ACTION ITEM. Transcribe the entries below exactly, starting with the line that has "Sugar Free Brown Butter Pound Cake" and stopping after the line that has "Sea, sailboard on"; no pictures belong in the copy.

SUPPLIED MATERIAL.
**********

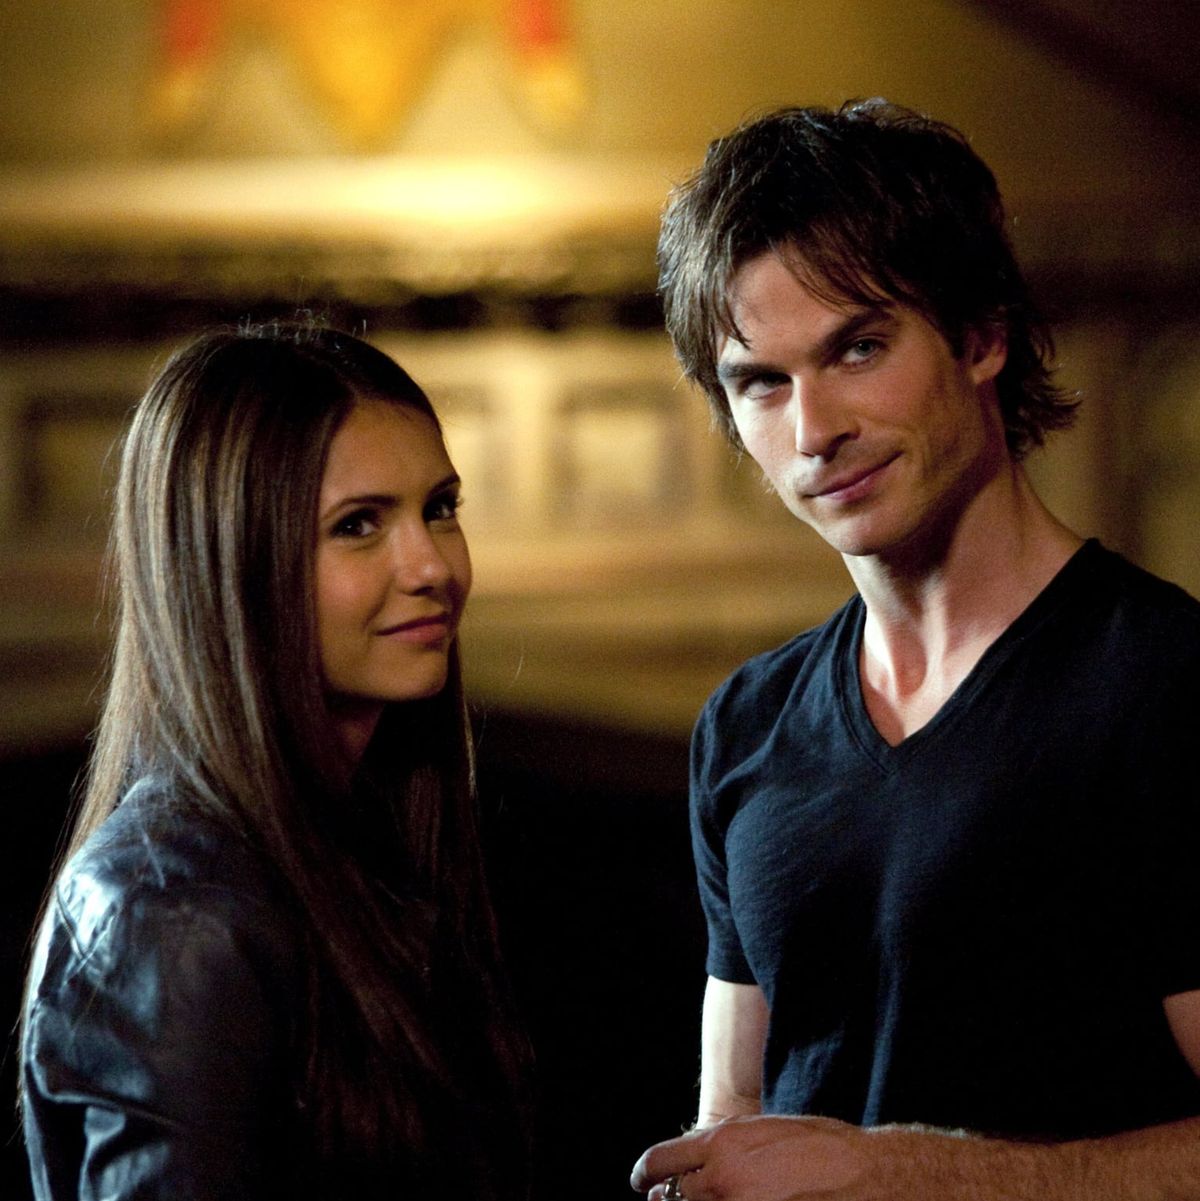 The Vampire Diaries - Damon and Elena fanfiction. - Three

**********

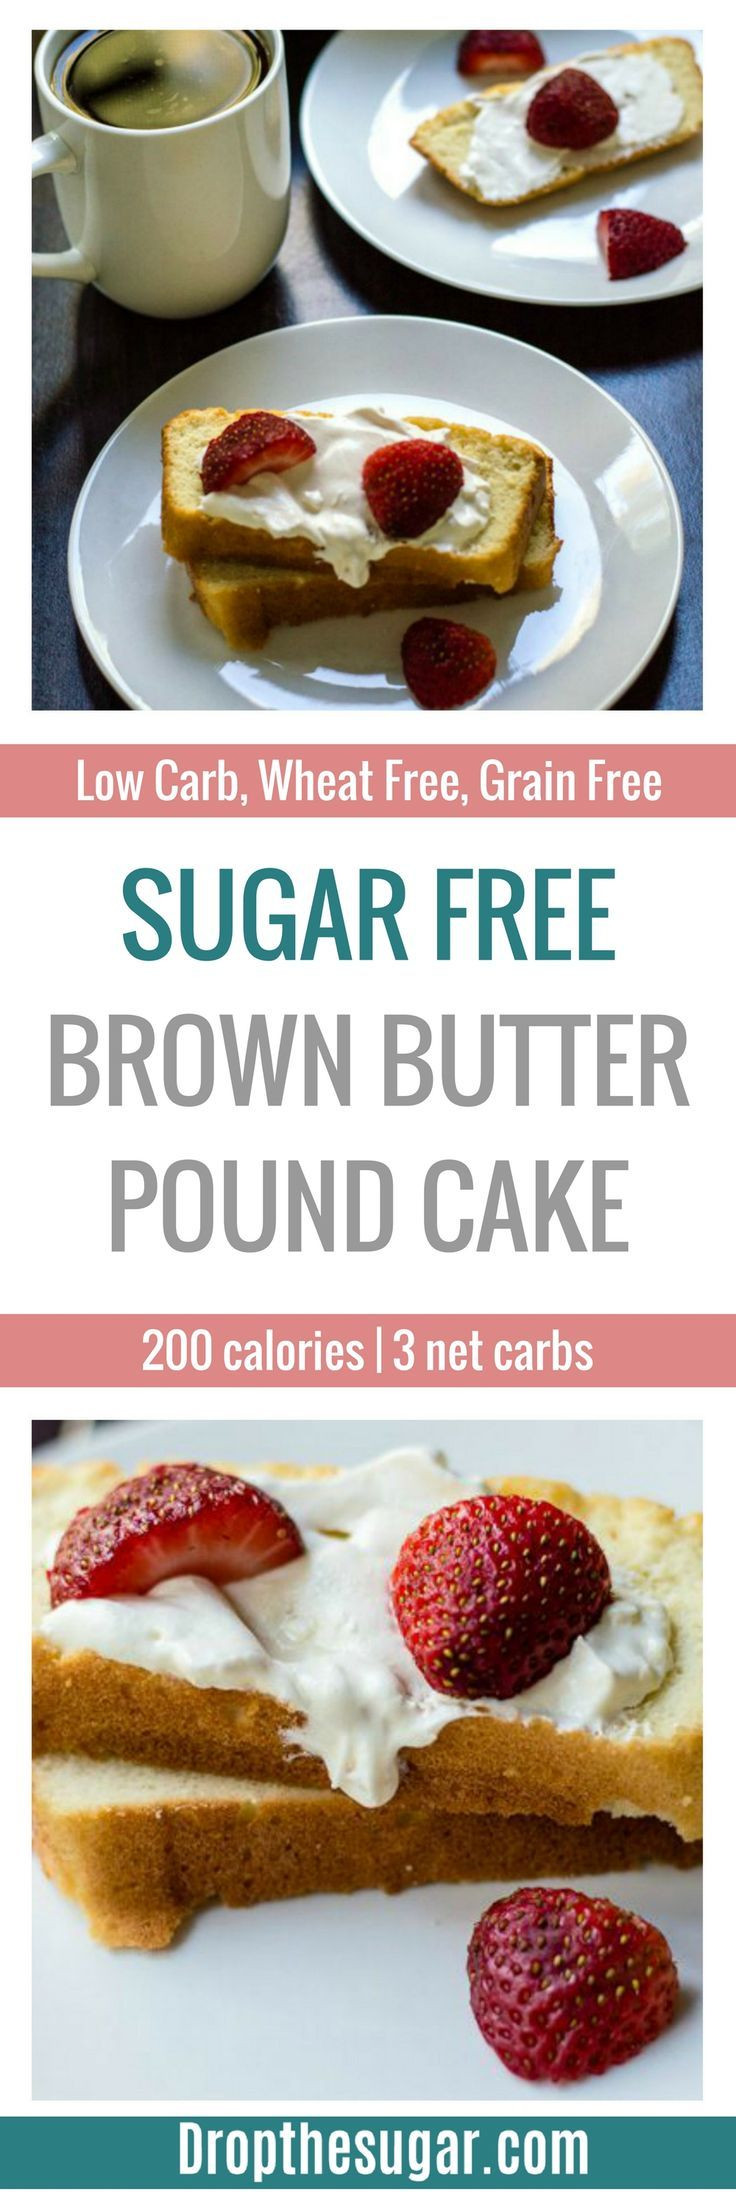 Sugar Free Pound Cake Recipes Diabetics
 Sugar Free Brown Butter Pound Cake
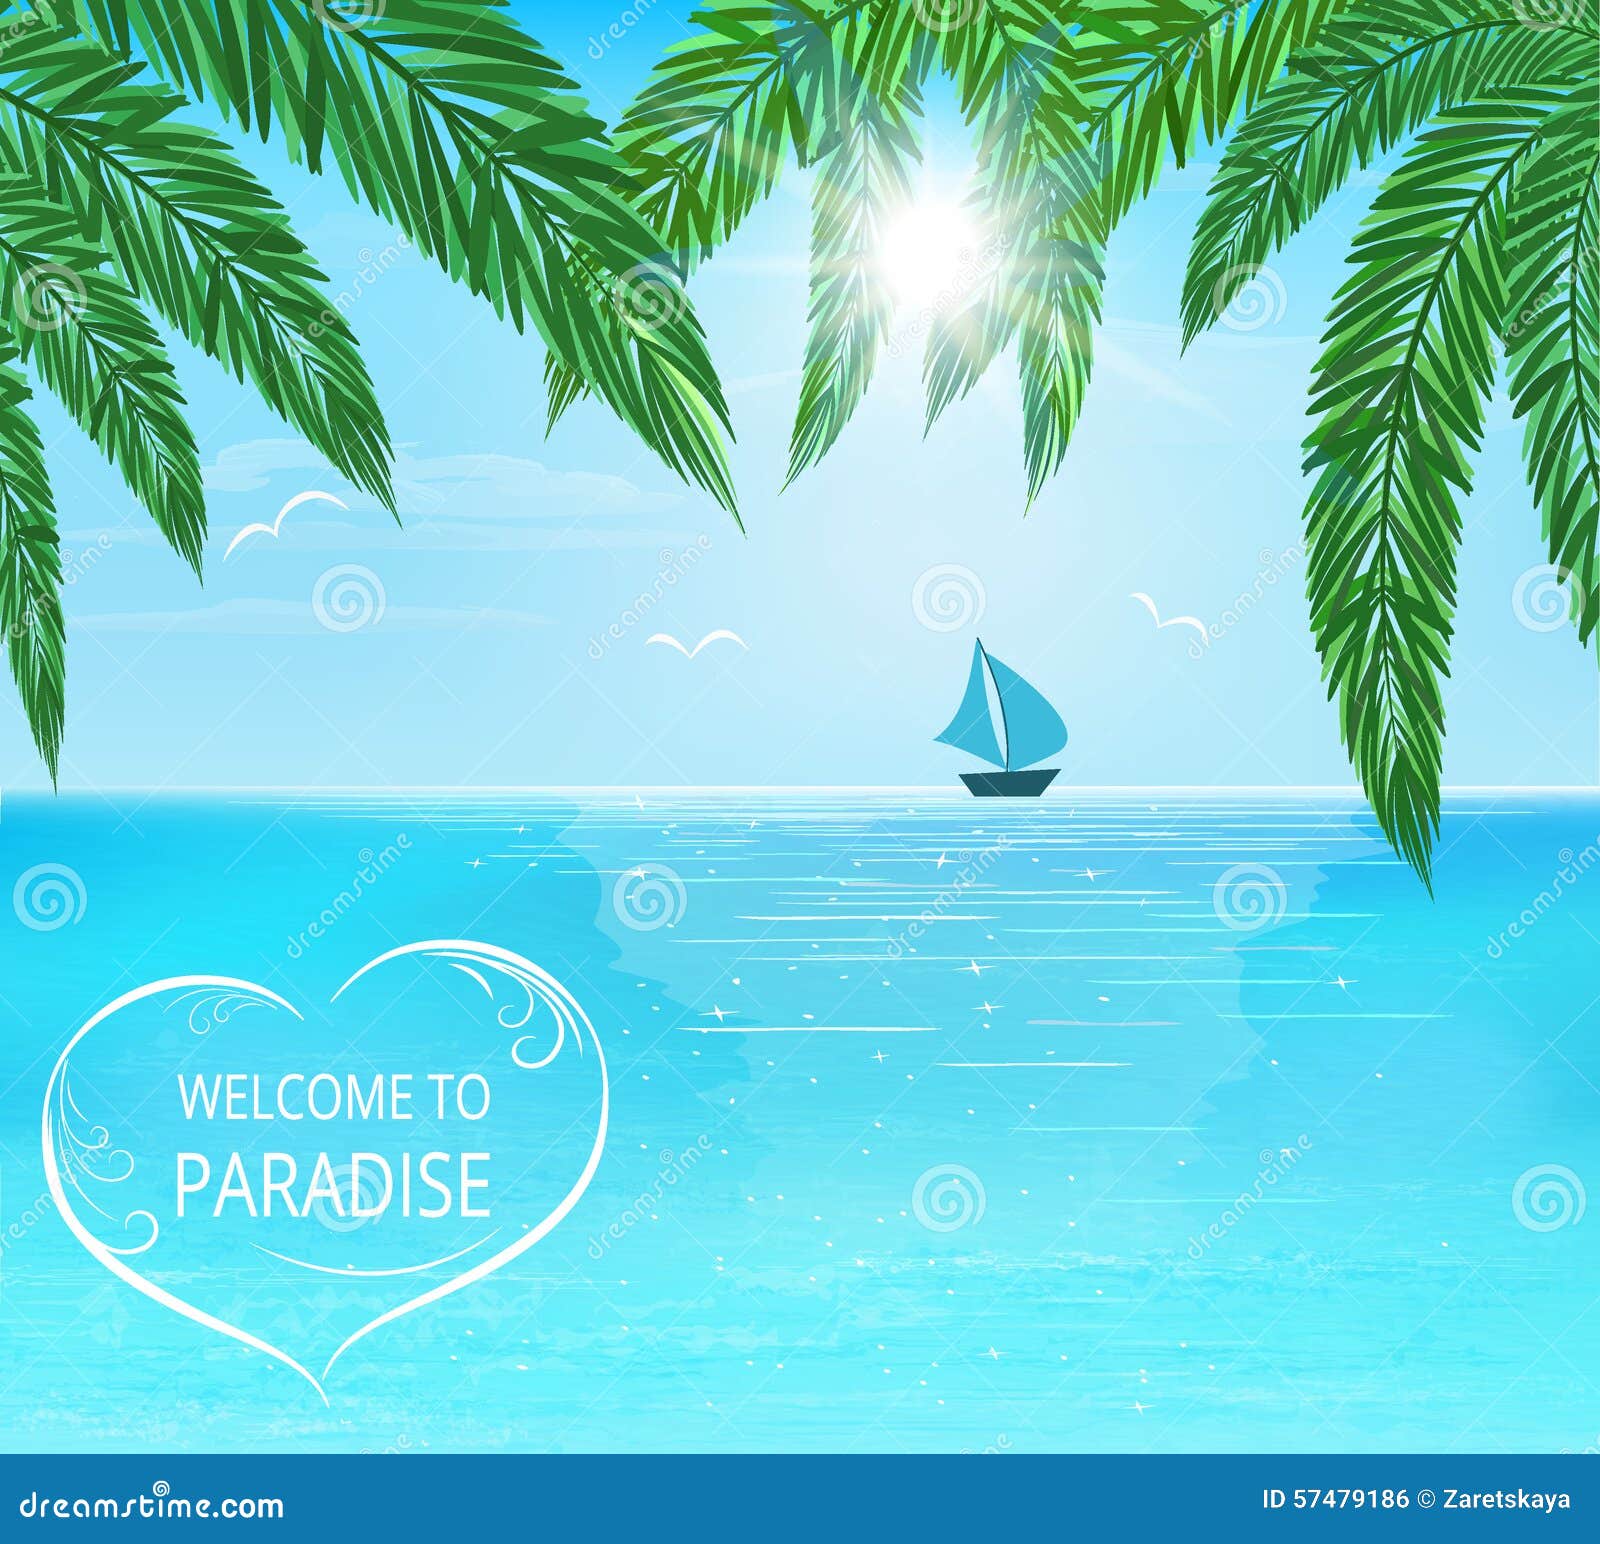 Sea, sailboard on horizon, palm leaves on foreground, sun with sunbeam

**********

FINISHED EXERCISE.
 Sugar Free Brown Butter Pound Cake
 Sea, sailboard on horizon, palm leaves on foreground, sun with sunbeam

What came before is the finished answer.